- _Provided data_
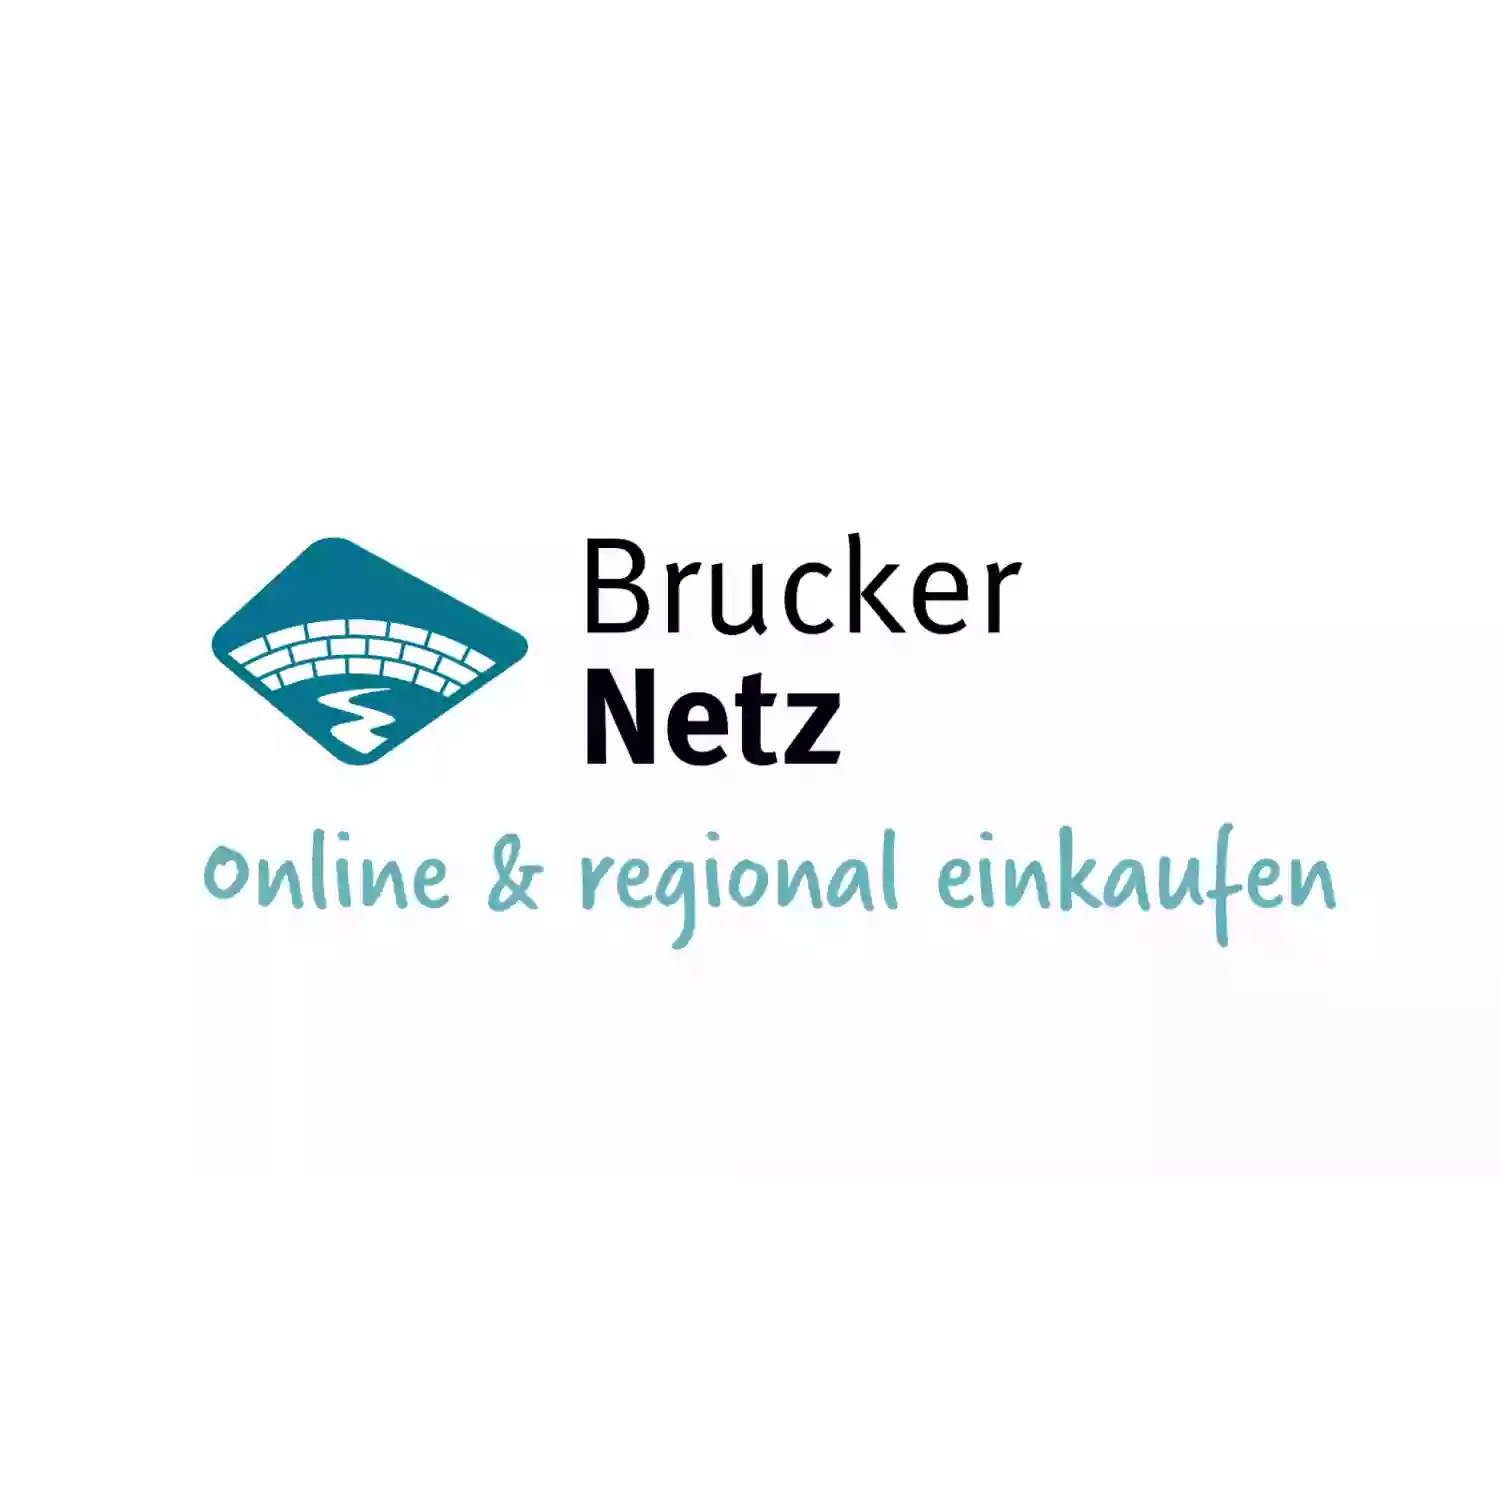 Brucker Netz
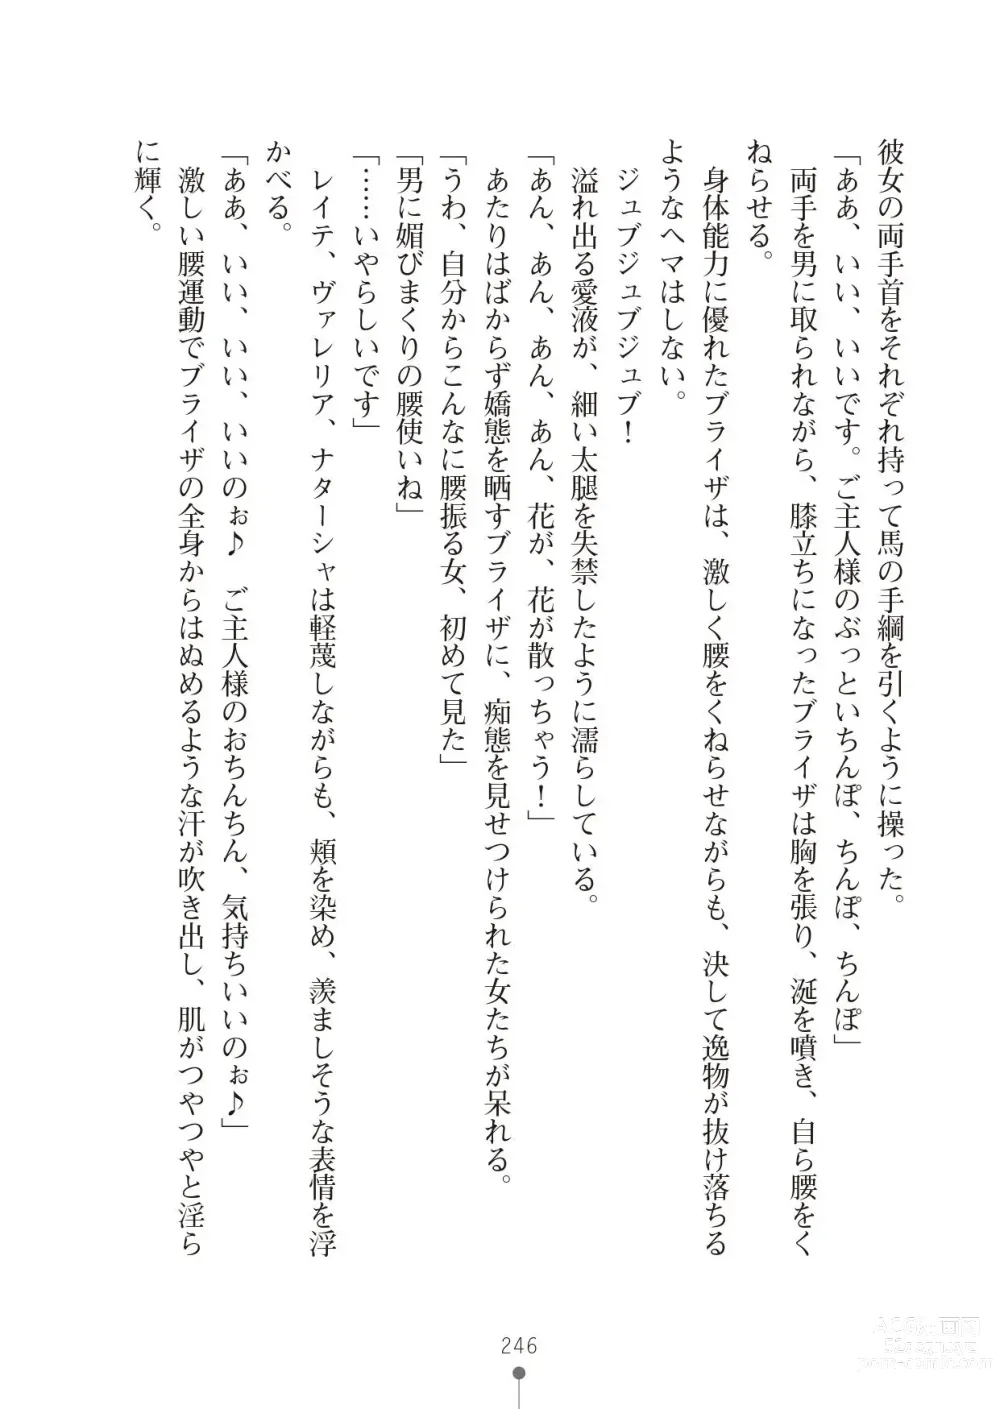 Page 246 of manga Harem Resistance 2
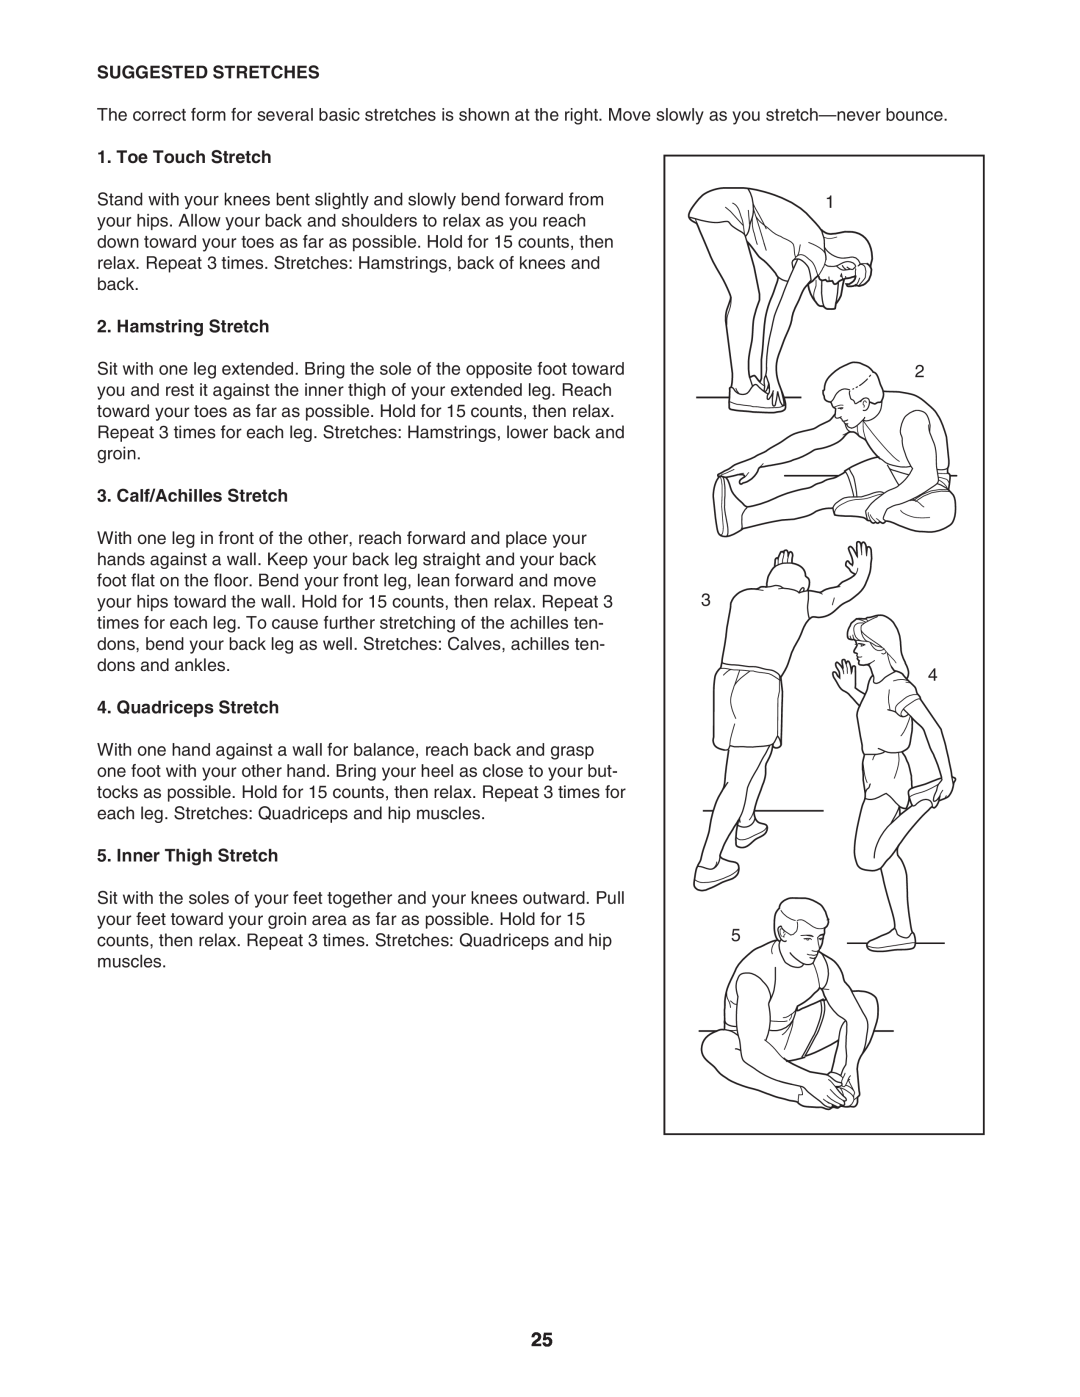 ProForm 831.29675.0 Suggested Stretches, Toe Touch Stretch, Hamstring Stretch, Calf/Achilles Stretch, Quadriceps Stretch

- _Task objective_
Quote the preceding listing precisely and completely, omitting its images.

- _Your solution_
 Brucker Netz
 Page 246 of manga Harem Resistance 2
 ProForm 831.29675.0 Suggested Stretches, Toe Touch Stretch, Hamstring Stretch, Calf/Achilles Stretch, Quadriceps Stretch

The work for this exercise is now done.